14:17 PM, 3rd April 2018
About 2 years ago

Hi Helen

HMRC's Manual PIM1020 says "A person will carry on a rental business even if they engage an agent to handle it for them. The person carries on the business through the agent."

LINK https://www.gov.uk/hmrc-internal-manuals/property-income-manual/pim1020

Note that outsourcing work to an agent does not absolve you of your legal obligations, e.g. to protect tenants deposits or to obtain annual CP12 gas safety certificates.

HMRC's manual CG67515 says "You should accept that incorporation relief will be available where an individual spends 20 hours or more a week personally undertaking the sort of activities that are indicative of a business. Other cases should be considered carefully."

LINK https://www.gov.uk/hmrc-internal-manuals/capital-gains-manual/cg65715

The manual DOES NOT SAY that spending less than 20 hours a week makes a person ineligible for the relief. A pragmatic view needs to be taken.

Take Richard Branson for example; if he had to work 20 hours a week in each business he owned there would not be enough ours in the day. Similarly, just because he doesn’t fly his airplanes, or service them, or serve food and beverages to his passengers, this doesn’t mean that Virgin Atlantic isn’t a business does it?

Also, how does HMRC measure time? They cannot possibly monitor your activity 24/7 for 365 consecutive days. Perhaps that's why they accepted that Mrs Ramsay spent 20 hors a week running her property business which consisted of one building containing 10 flats, of which only 5 were let? Perhaps that's also why there have been no similar cases since the Ramsay test case back in 2013?

Our consultation service includes taking a second opinion from a Barrister-At-Law who is qualified, experienced and insured to provide an opinion on whether you are eligible to claim incorporation relief.
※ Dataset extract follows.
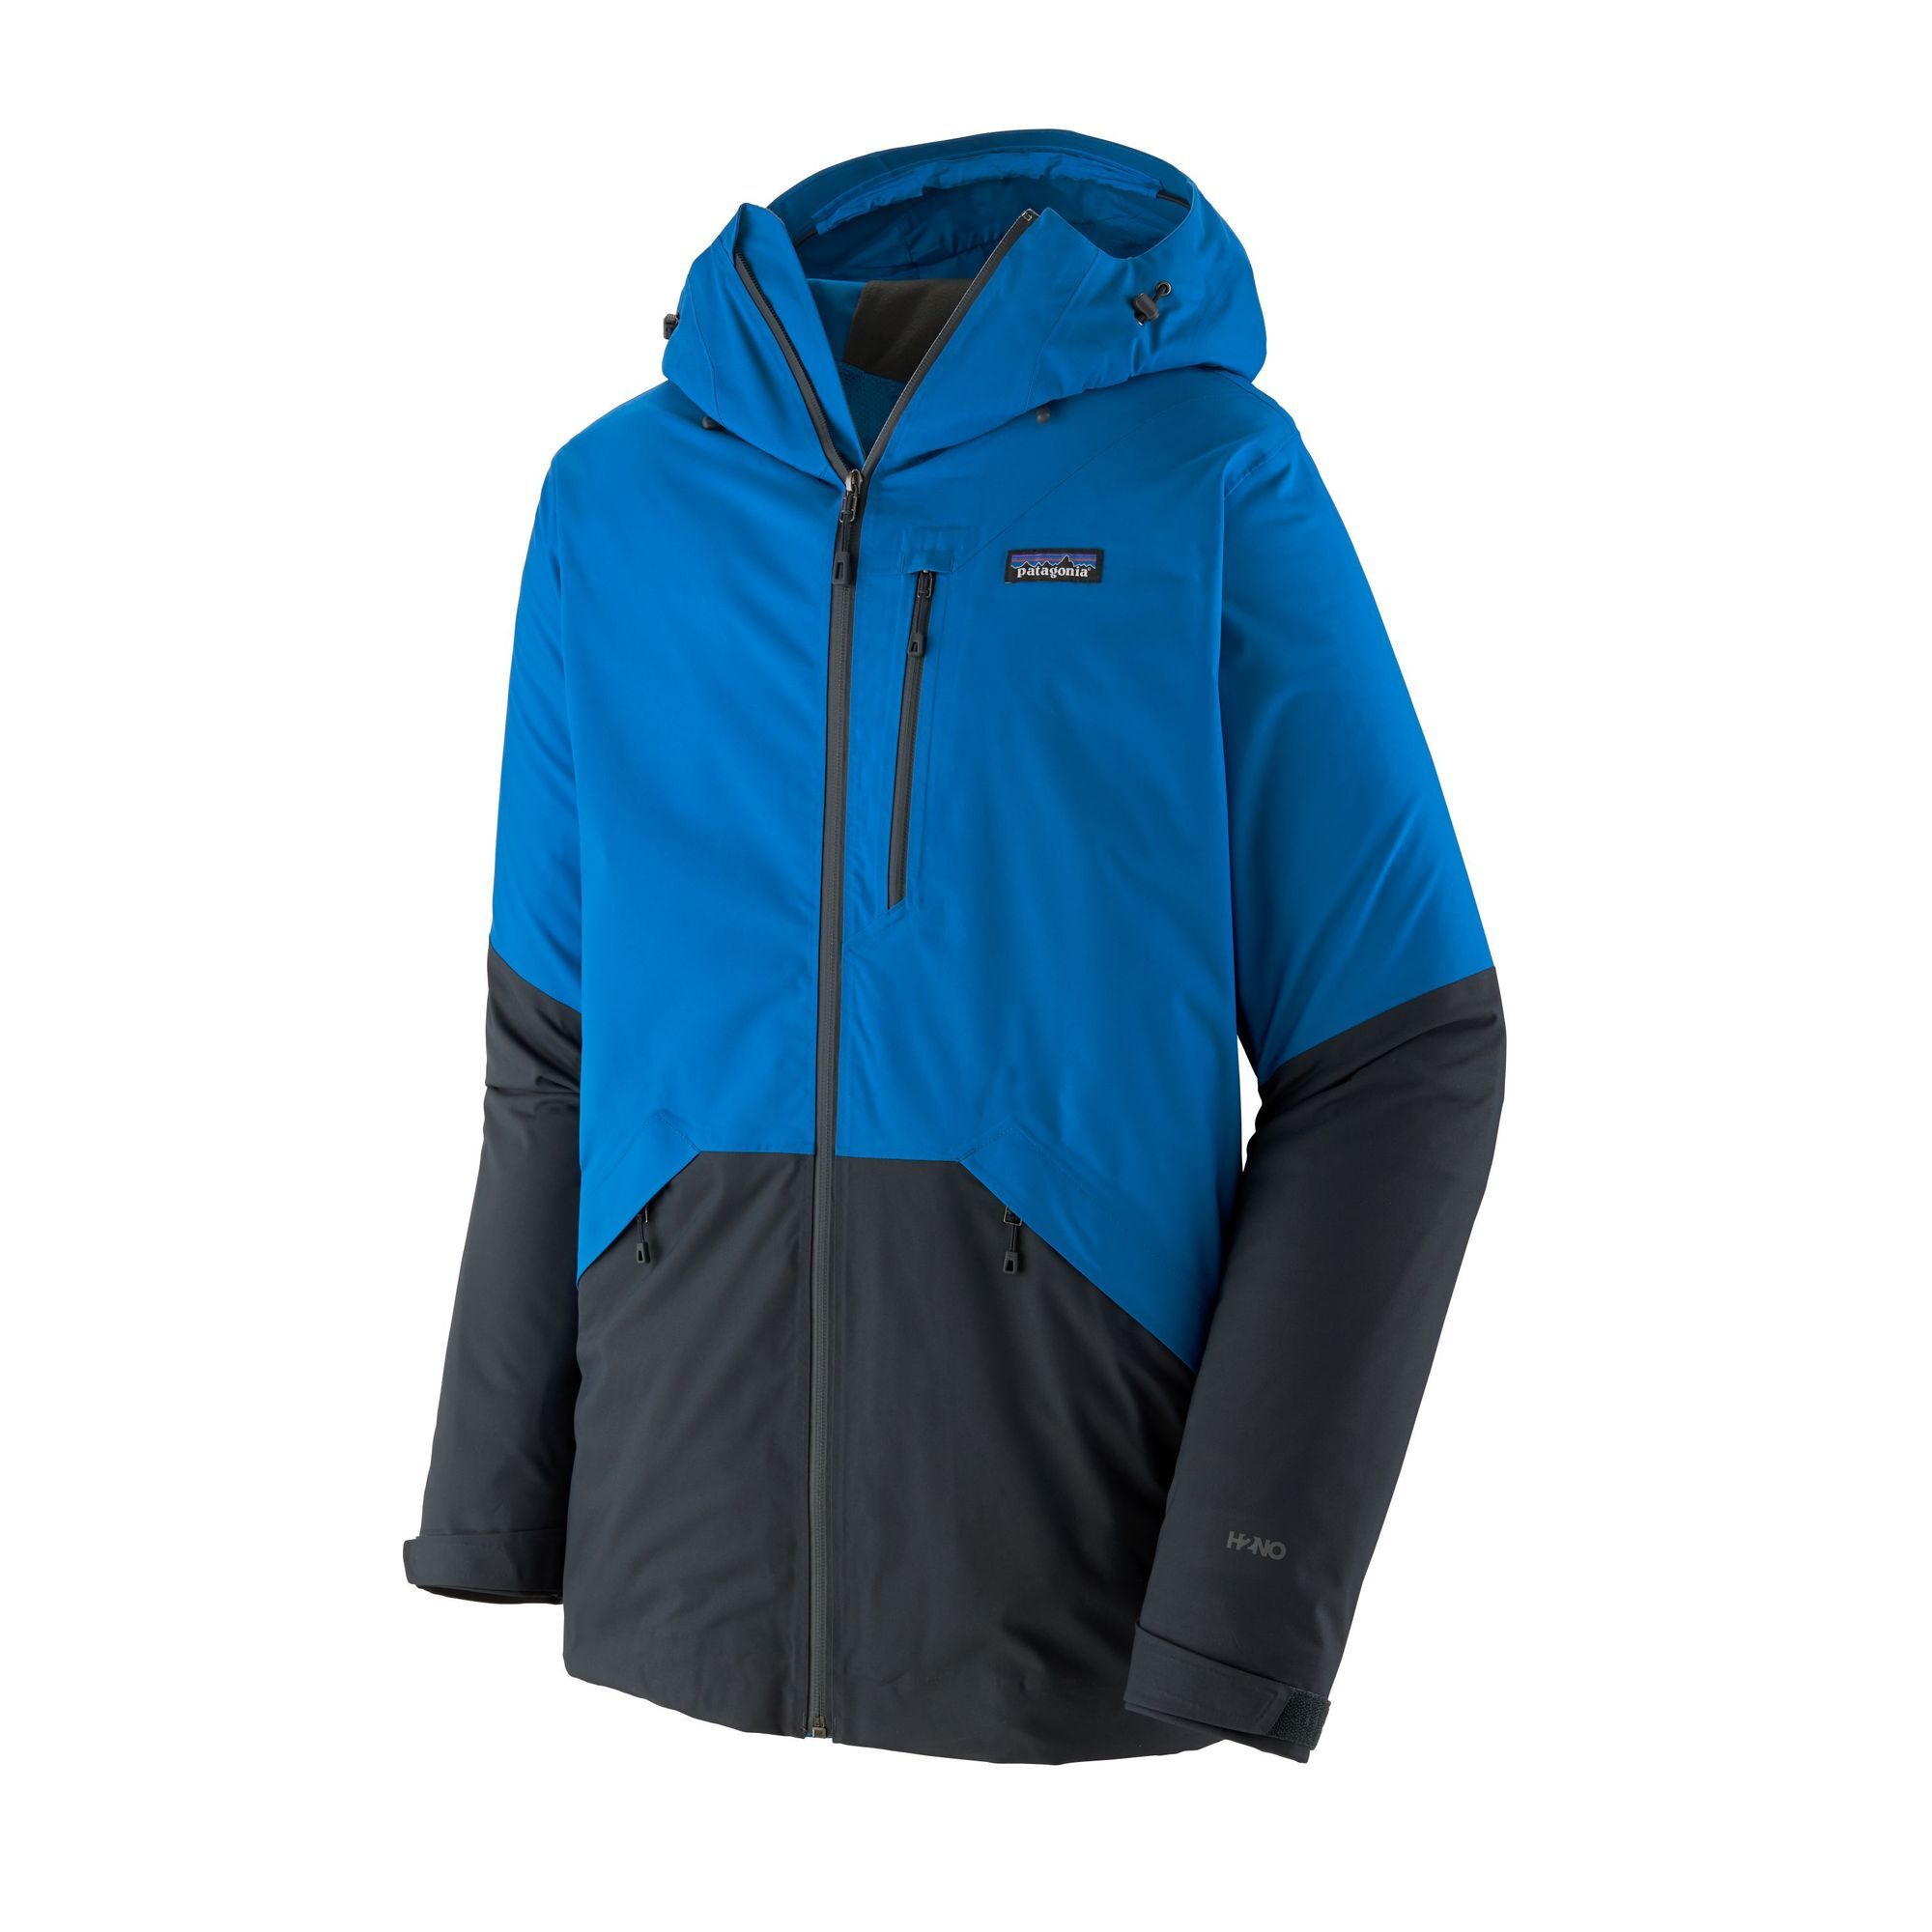 Patagonia - Snowshot Jacket - Ski jacket - Men's

There is no additional charge for this service for consultation clients of Property118 Limited.

To book a private consultation please see the link below.

https://www.property118.com/book-a-consultation/

Mark Smith (Barrister-At-Law)

14:33 PM, 3rd April 2018
About 2 years ago

I agree with these comments.

Although the CGT manual might be considered to be at odds with the PIM, if a business qualifies under PIM it would be hard for HMRC to say that they have rejected it for incorporation relief after 'careful consideration'.

Craig Rennolds

15:46 PM, 1st June 2018
About 2 years ago

Hi Mark,

I intend to incorporate through your self and Mark Smith but I do have a few questions:-
1) If on incorporation I was to include my daughter as a director and subsequently she wanted to buy a property in her own name, does this mean I would have to lend her the money and we would have to pay tax as say a dividend and salary ? Or as I think is a better solution, she buys through the limited company and there is little or no tax as the company is simply increasing its portfolio?
2) I have spoken to a few brokers who apart from wanting to completely re-mortgage my whole portfolio and the fat fees this would attract, have said the complete portfolio would need to be stress tested. My understanding is that stress testing the portfolio is for property owned in my own name.
I have other questions but I will discuss these privately.